Whereof what's past is Prologue.

The Tempest

[1]

[1]

THE LIGHT OF SCARTHEY

CHAPTER I

THE PEEL OF SCARTHEY

He makes a solitude and calls it peace.

Byron.

Alone in the south and seaward corner of the great bight on the Lancastrian coast—mournfully alone some say, gloriously alone to my thinking—rises in singular unexpected fashion the islet of Scarthey; a green oasis secure on its white rocky seat amidst the breezy wilderness of sands and waters.

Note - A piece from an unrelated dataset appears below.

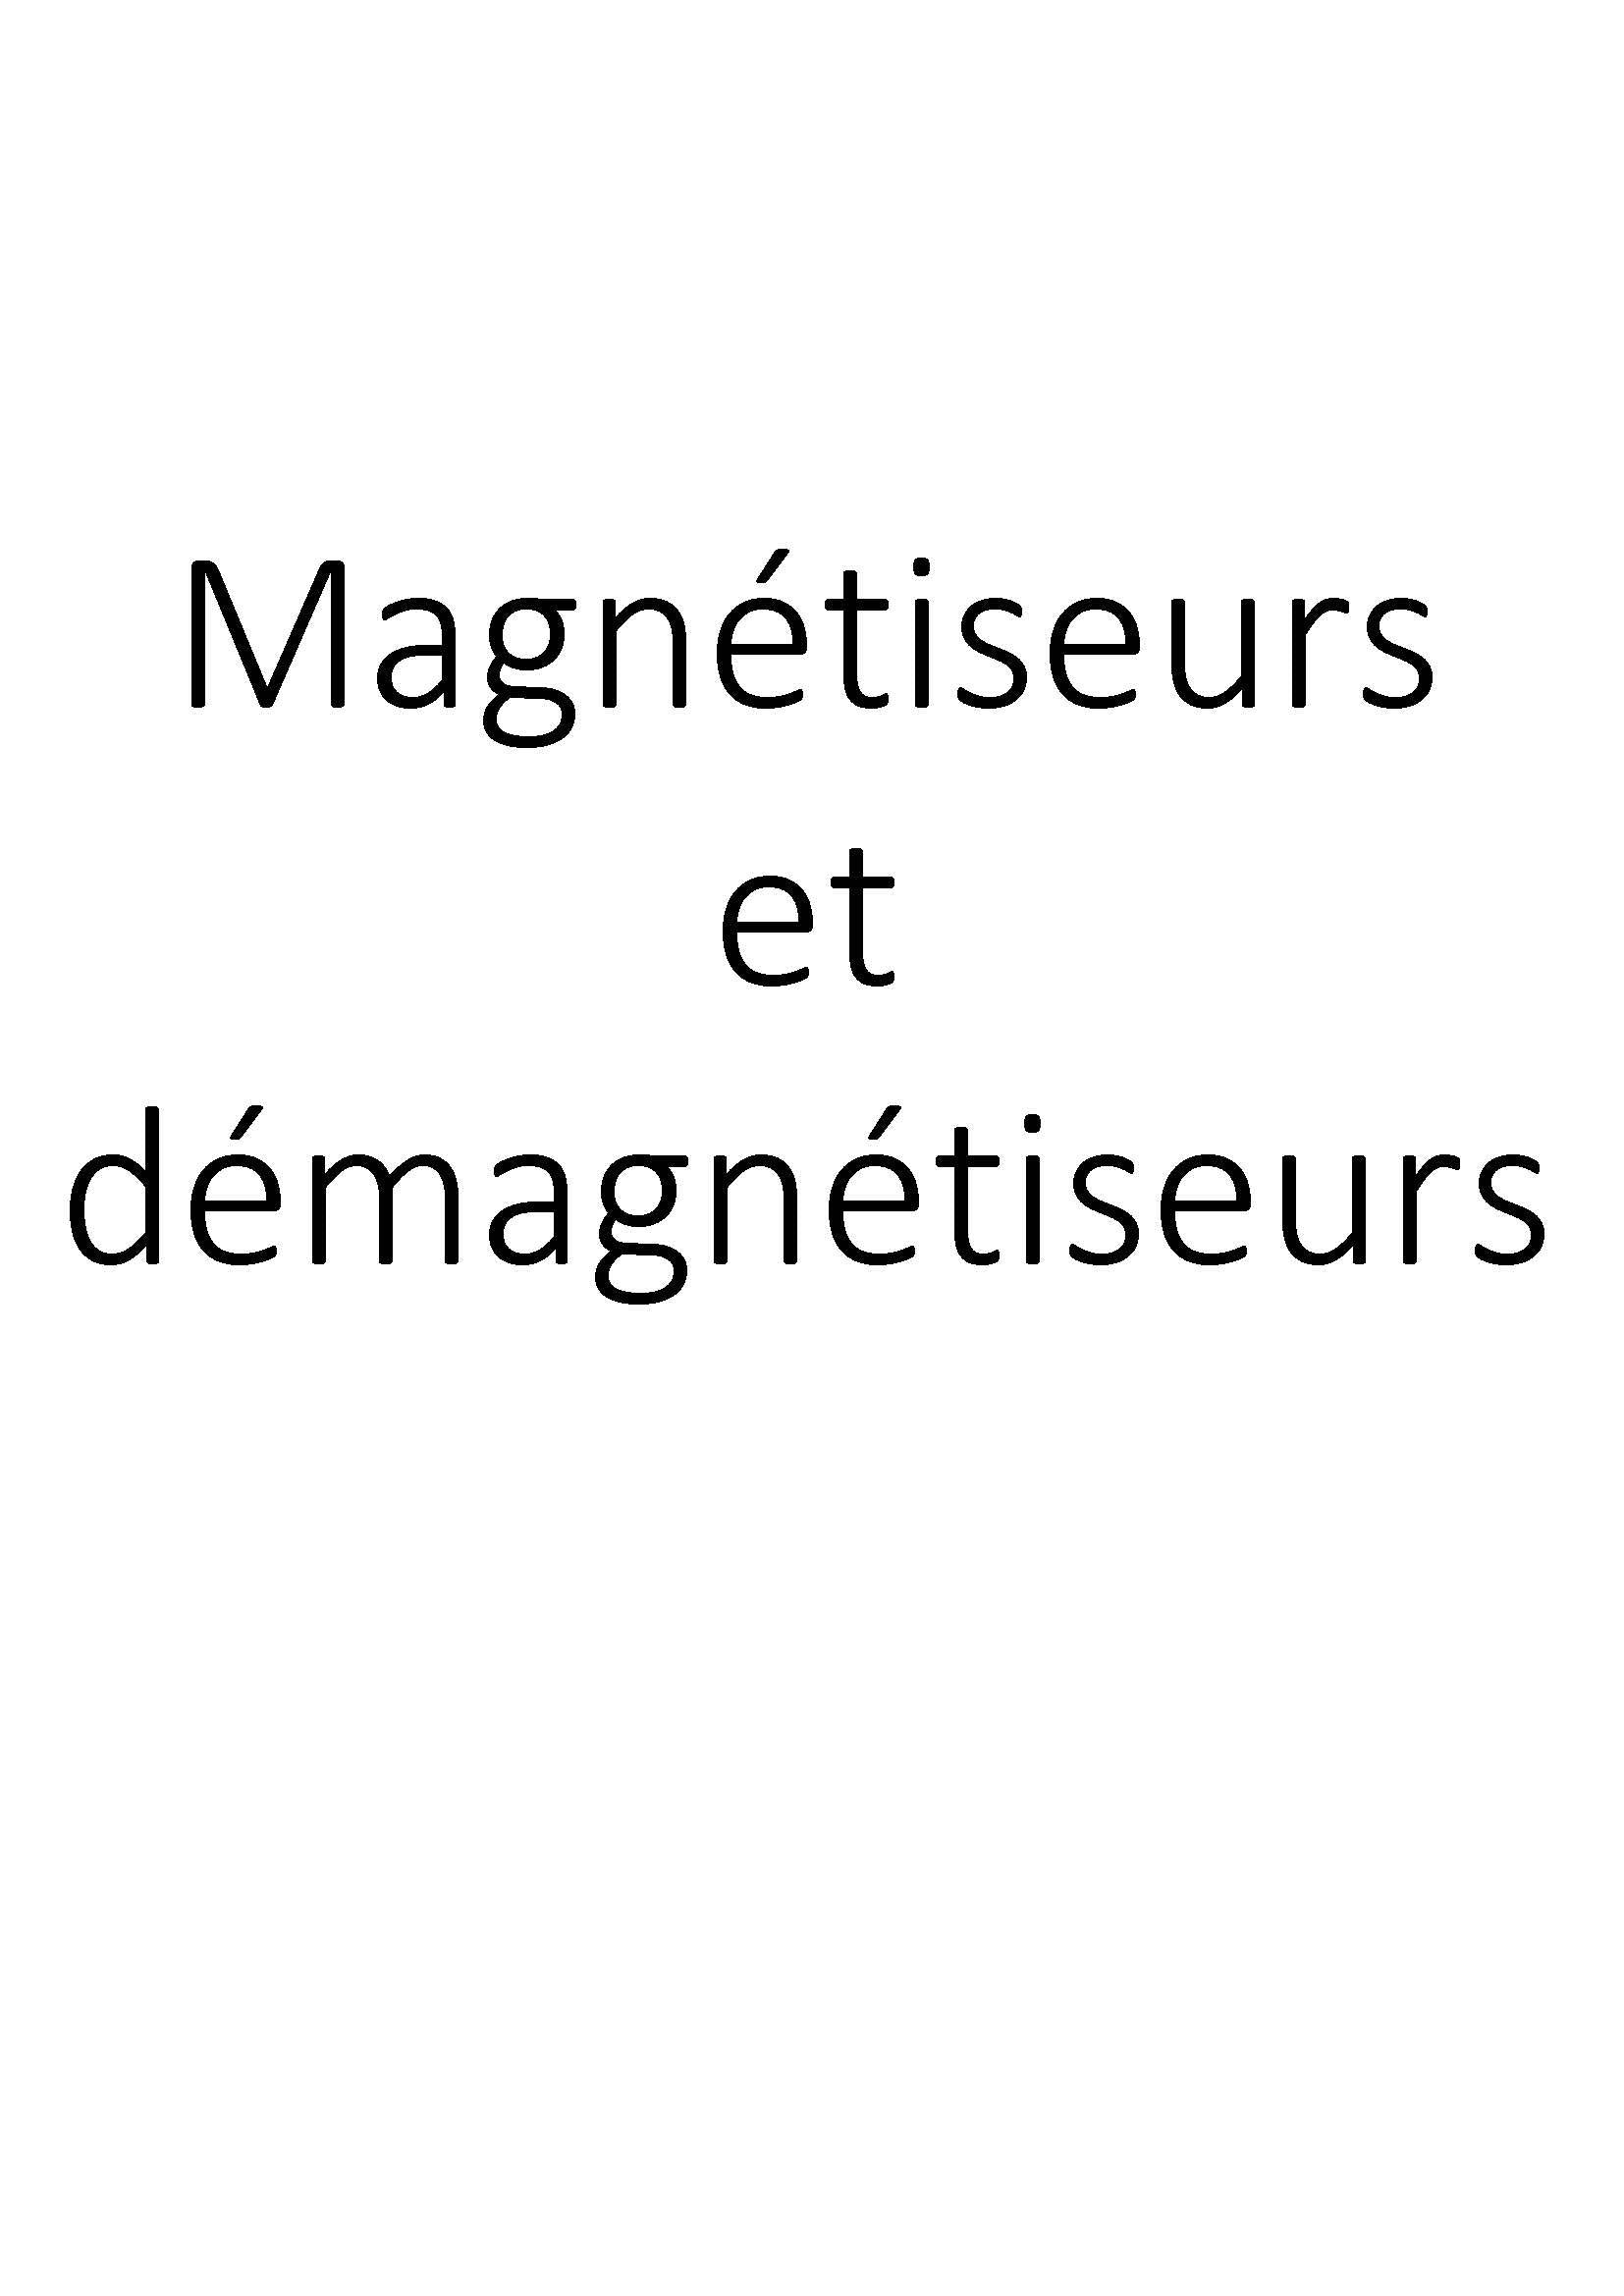 Magnétiseurs et démagnétiseurs clicktofournisseur.com

There is, in truth, more sand than water at most times round Scarthey. For miles northward the wet strand stretches its silent expanse, tawny at first, then merging into silver grey as in the dim distance it meets the shallow advance of briny ripple. Wet sand, brown and dull, with here and there a brighter trail as of some undecided river seeking an aimless way, spreads westward, deep inland, until stopped in a jagged line by bluffs that spring up abruptly in successions of white rocky steps and green terraces.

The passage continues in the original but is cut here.